Remember that unlike BTC, Kadena can always scale up with hashrate to provide more throughput (more chains). BTC at this point is ridiculously over-secured, and it is a waste.

If BTC could actually scale, the electricity use could be well-justified. If you could plan on BTC always taking 1 hour to confirm a tx, no matter how much traffic, we could be clearing the entire stock market on BTC, and it would outperform the current system, as 1 hour is way faster than 3 days (the current T+3 clearing in stocks). But ... it can't scale. Kadena can.


The bottom line here is that scaling to the point where you can use a layer-1 blockchain to buy coffee will require massive infrastructure. There's simply no way around it. You're not going to be able to run a node on your phone that handles all the transactions in the U.S (at least not given the current capabilities of phones). And it's not just the disk space. All this stuff also requires significant bandwidth and computing power.

Kadena engineers have worked at large companies like JP Morgan, Microsoft, Google, Disney, etc. We understand what kind of work is involved in building systems of this scale, and we have kept many of those considerations in mind as we've developed the system we currently have.


I always wonder why so few people talk about db sizes and everybody just throws out those tps numbers.

The keys to scalability for a crypto project are:

  1. An algorithm/protocol that supports massive horizontal scaling and sharding of payload databases (while providing efficient consensus) and
  2. Industrial state of the art cloud engineering.

Most blockchain projects lack both. To the best of my knowledge Kadena is the only PoW block chain that solves the first point at the base layer.

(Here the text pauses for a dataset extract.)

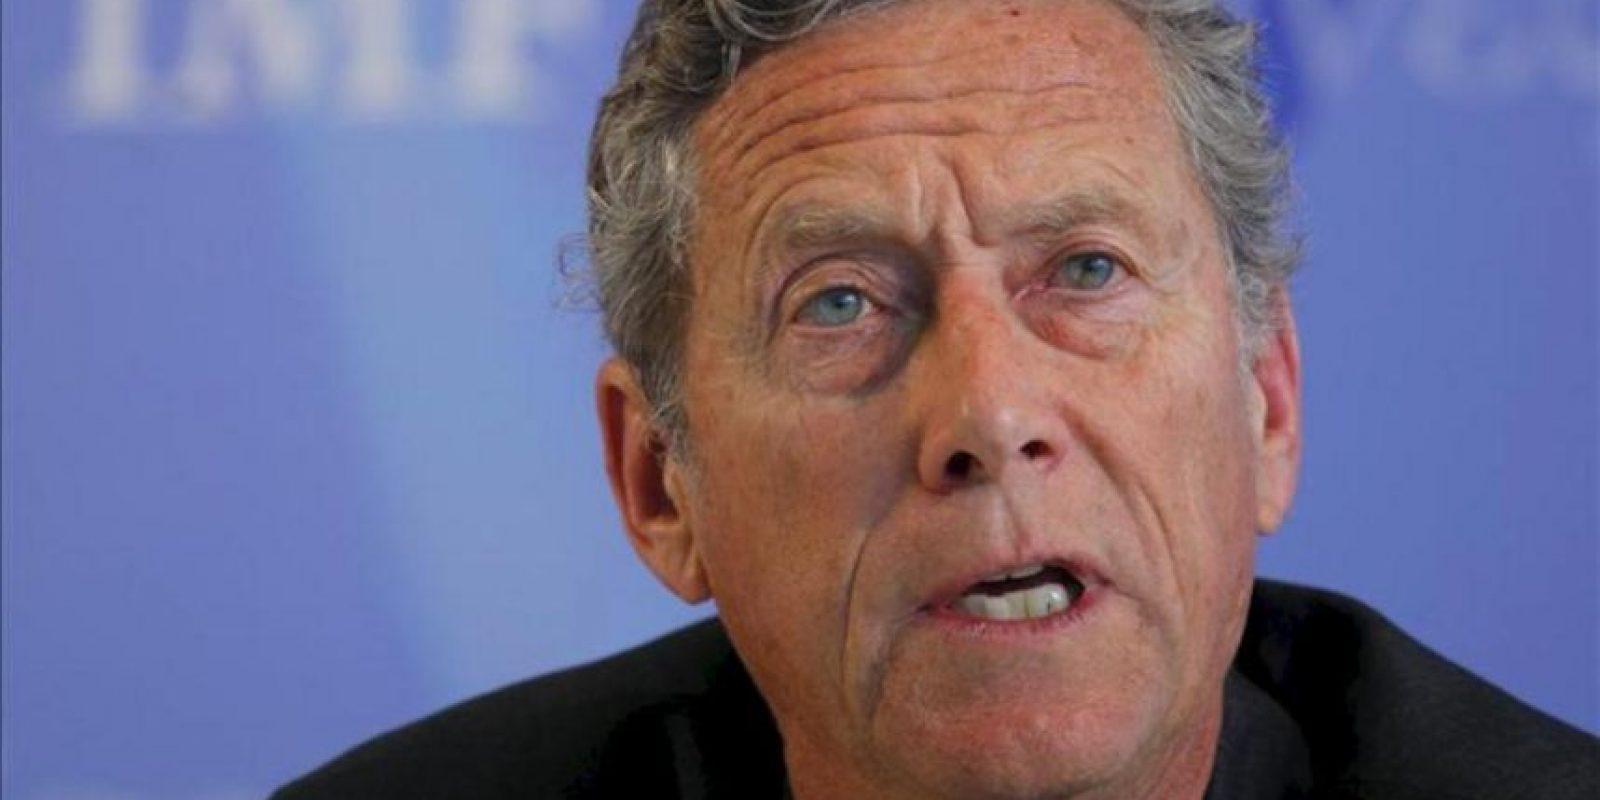 """Olivier Blanchard, economista jefe del FMI, insistió en que la """"reducción fiscal por sí sola no va resolver los problemas de competitividad en la periferia europea"""", por lo que recomendó tener en cuenta la debilidad económica en la región. EFE/Archivo"""

The second point is, in theory, straight forward, since the problem is well understood and there are established best practices and solutions. However, in todays competitive hiring environment it is very hard for a small company to find and hire experts who have experience with scaling really large systems.

For Kadena, as for many tech startups, I think, the largest challenges are in the second point. For that reason, the whole system is designed from ground up with scalability and sharding in mind. At this point chainweb-node is a single binary only to help with the second point and make deployment and operation easier. As soon as a single process does not scale any more we can easily split it up and distribute the Pact processes and databases for each chain to different processes or even machines.

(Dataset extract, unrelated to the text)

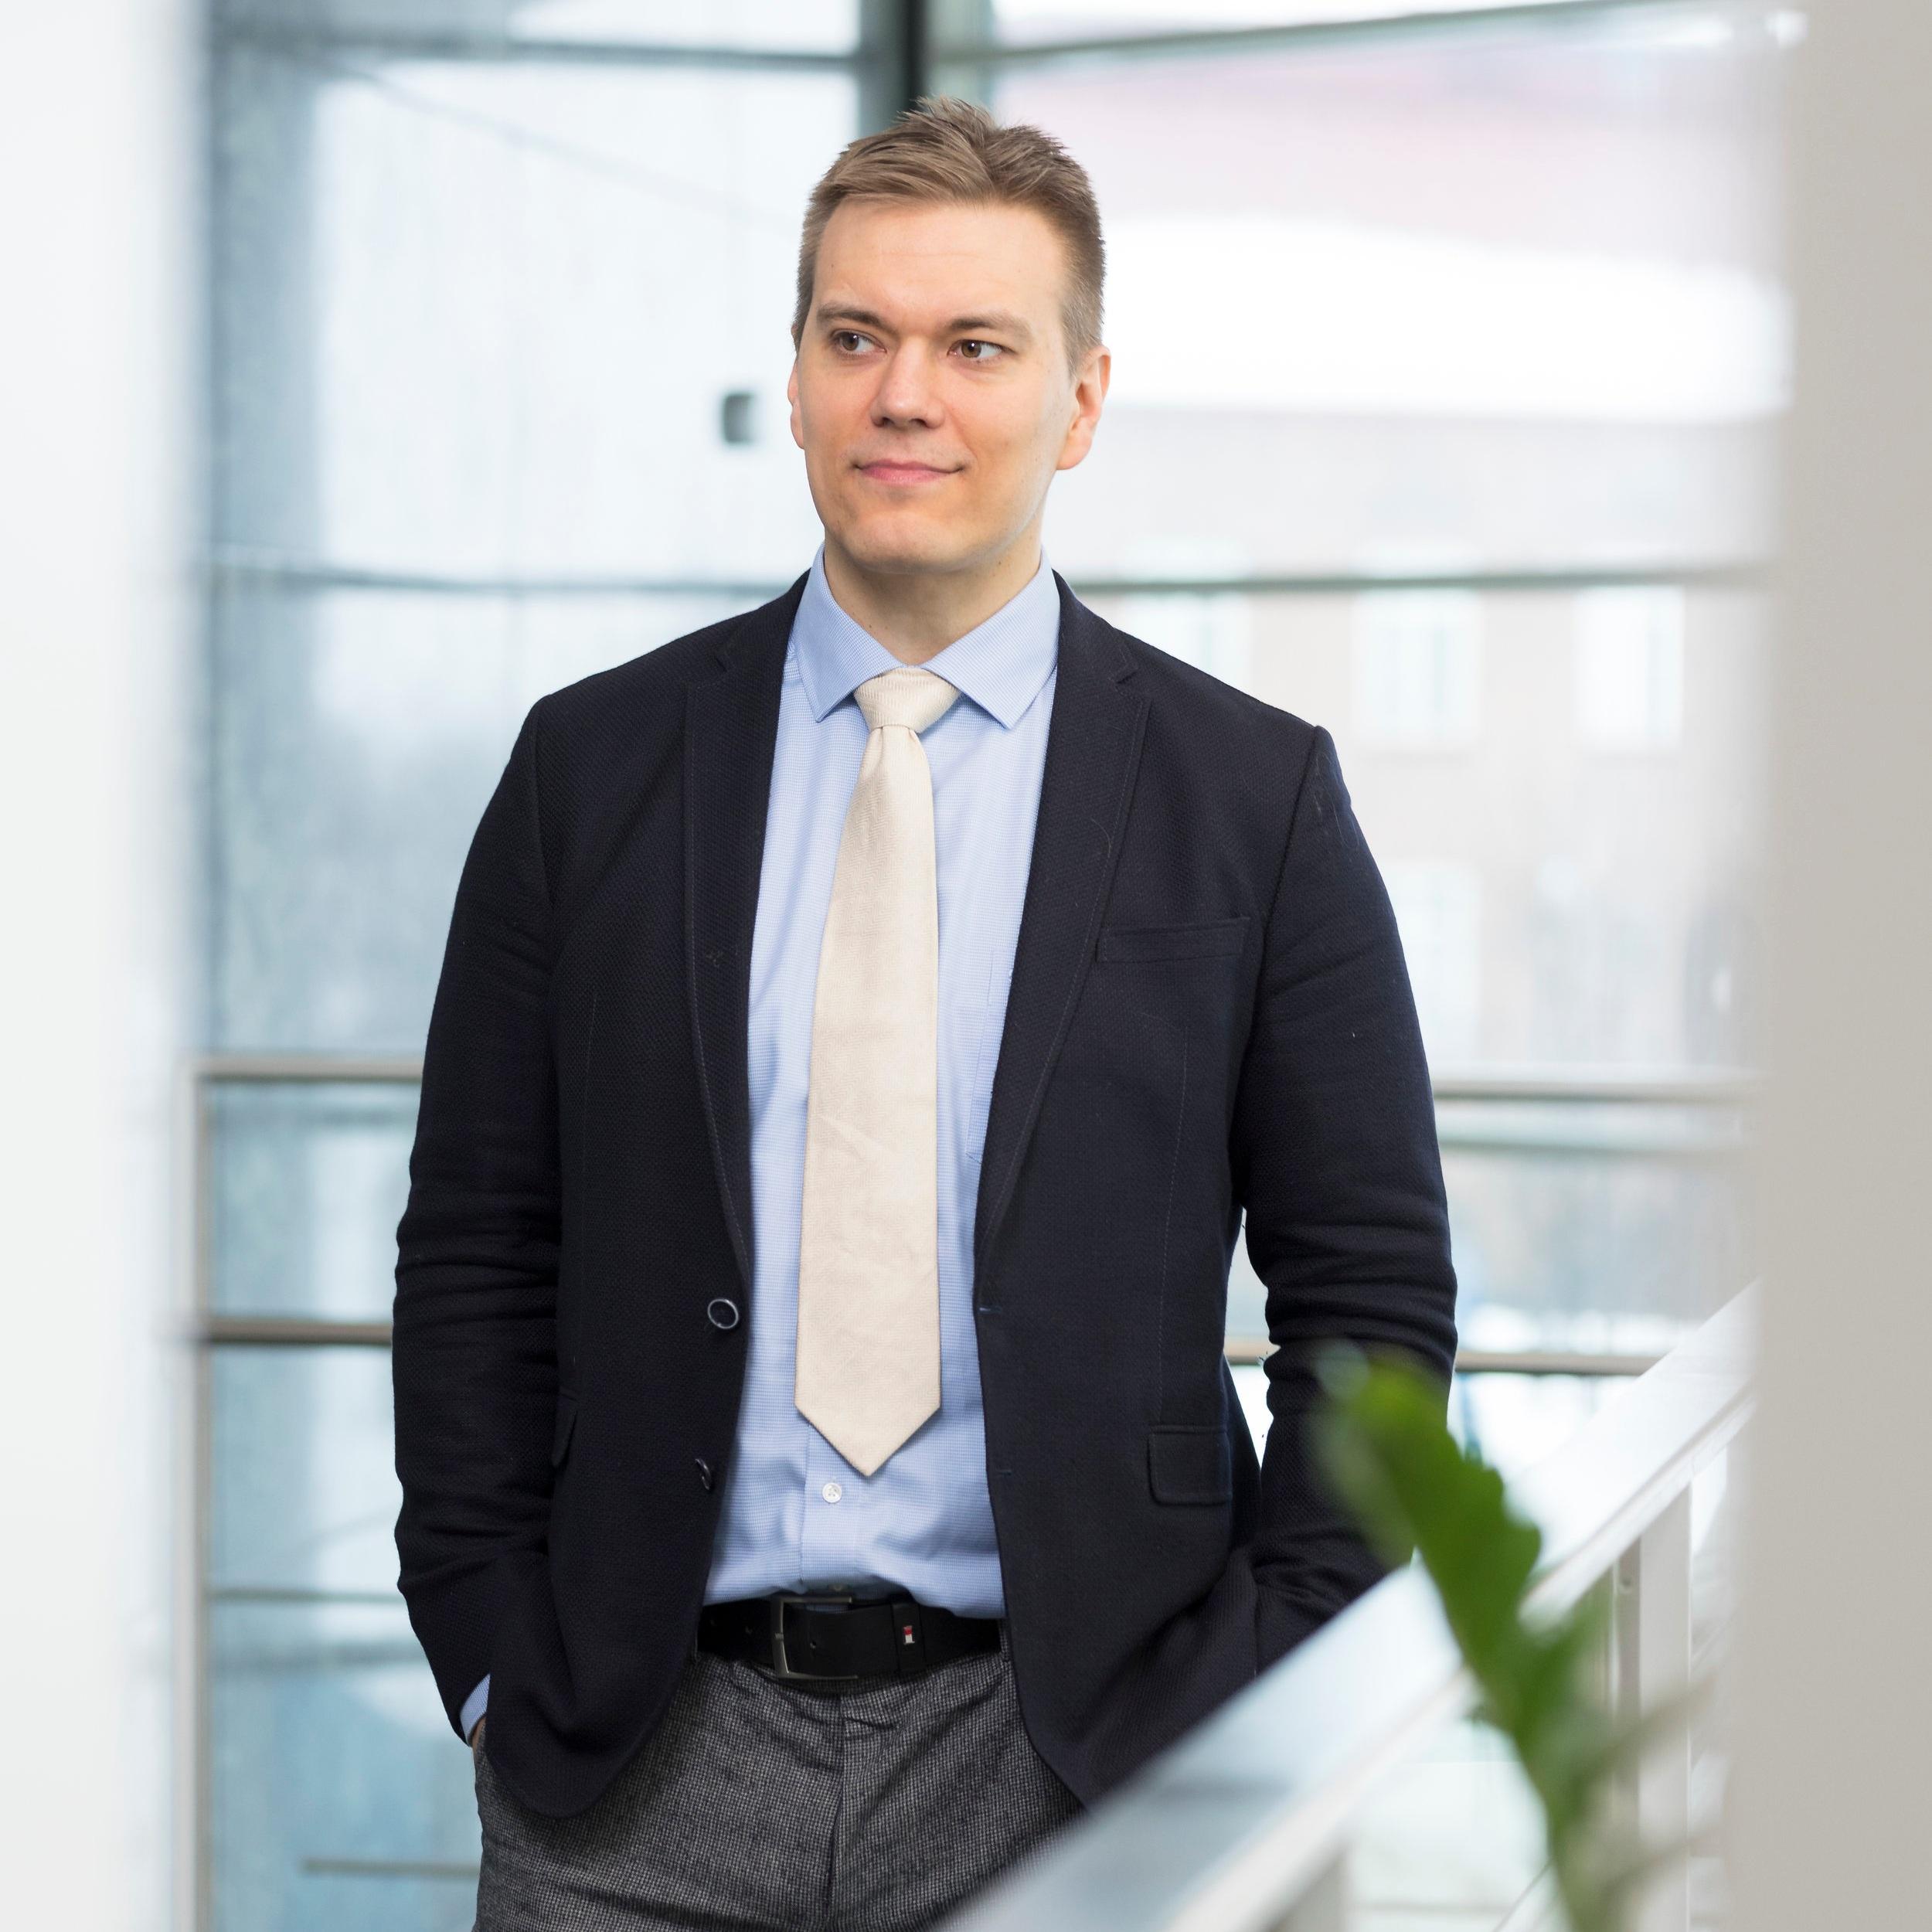 Olli-Pekka Malinen - Lead Expert at EduCluster Finland

Once chainweb-node is physically distributed, the challenge will be to deploy and operate nodes as distributed cloud services. At that point it would become difficult for a private person to run a full chainweb-node, but instead it would require cloud infrastructure and a dedicated devops team. We'll be getting there


Anybody developing systems that process transactions at this scale should invest in basic distributed systems expertise and should look into ways to shard their data.

One can not expect that a system that can process 500-1000 TPS is for free. Even a centralized system would already require a substantial amount of resources. A fully decentralized system needs even more.

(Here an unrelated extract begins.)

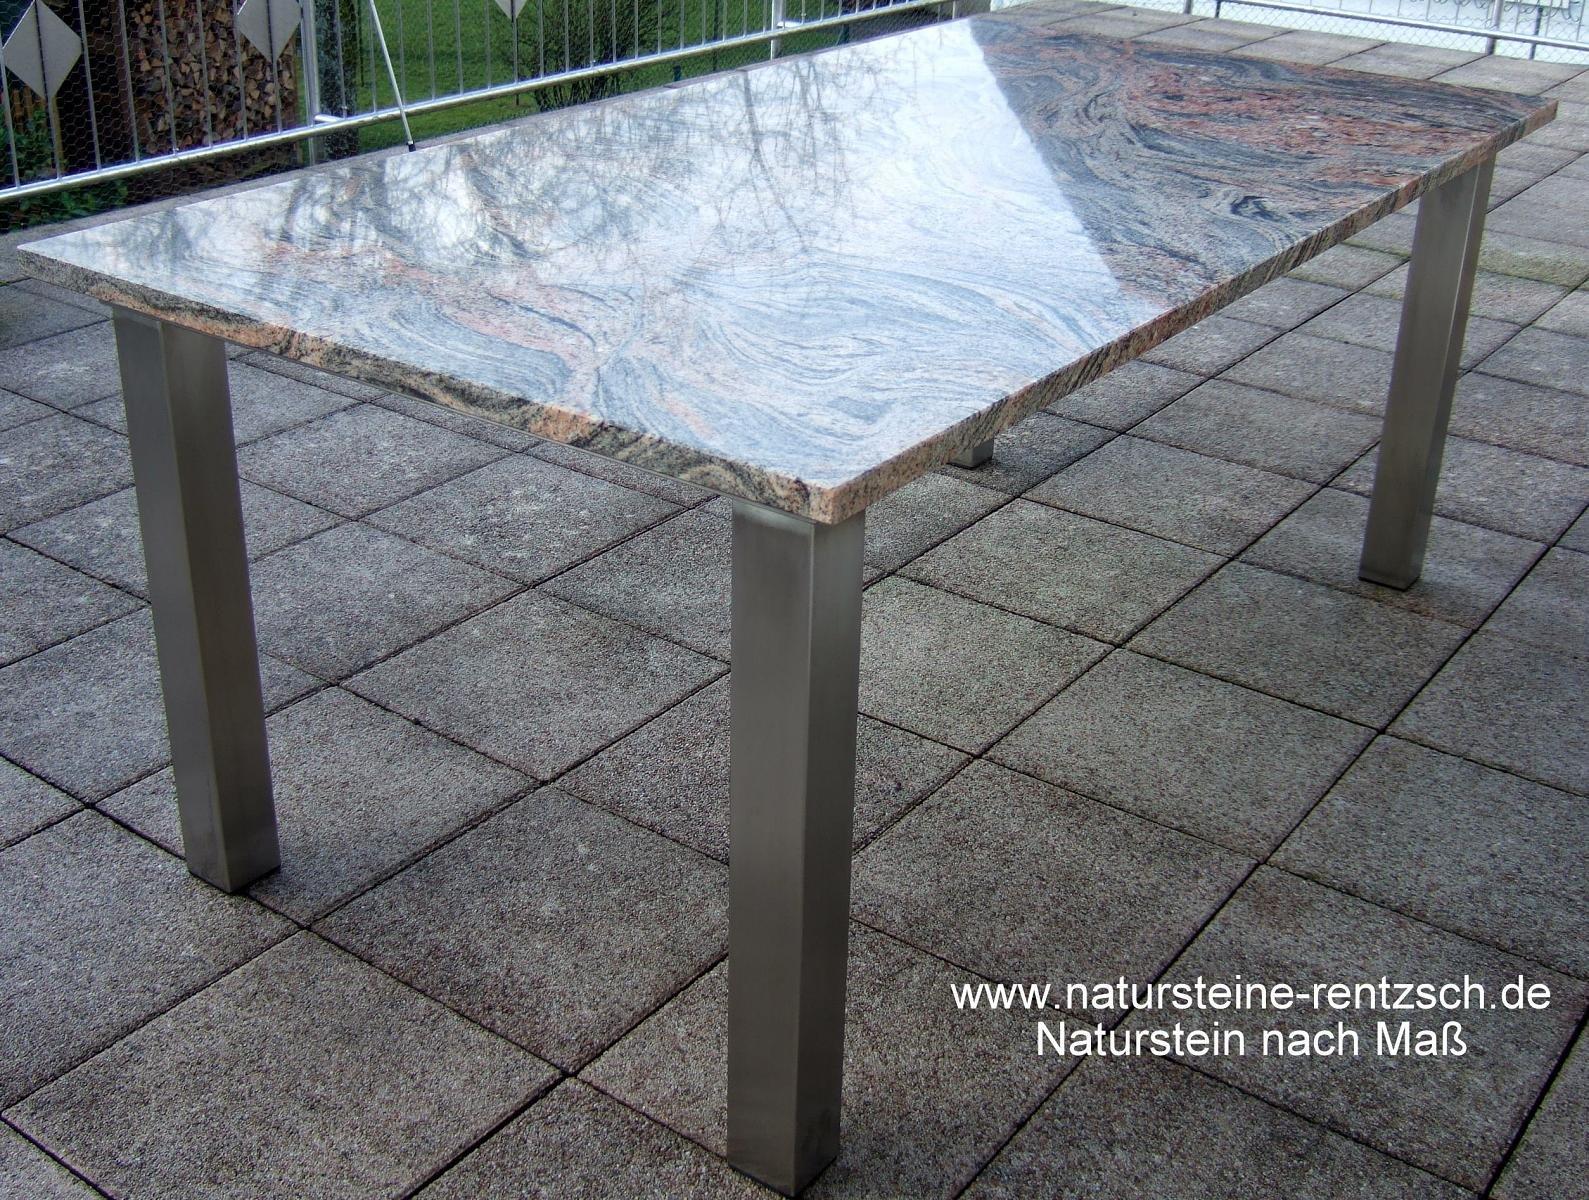 Bild ma gefertigter tisch granit juparana edelstahl for Terrassentisch granit

if some project claims to process 10K TPS, I'd like to know what storage system is used to persist those transactions. If each transaction requires just 32 bytes of storage --one SHA256 hash, which can't be compressed--, that would be about 25GB of storage per day. In practice it's probably 10 times more. How and where would that be stored? What indexes are needed for querying txs during validation? How often is each tx replicated on storage? Would it still be replicated often enough to be considered decentralized? Someone claiming to be able to handle that tx throughput would have to answer those questions.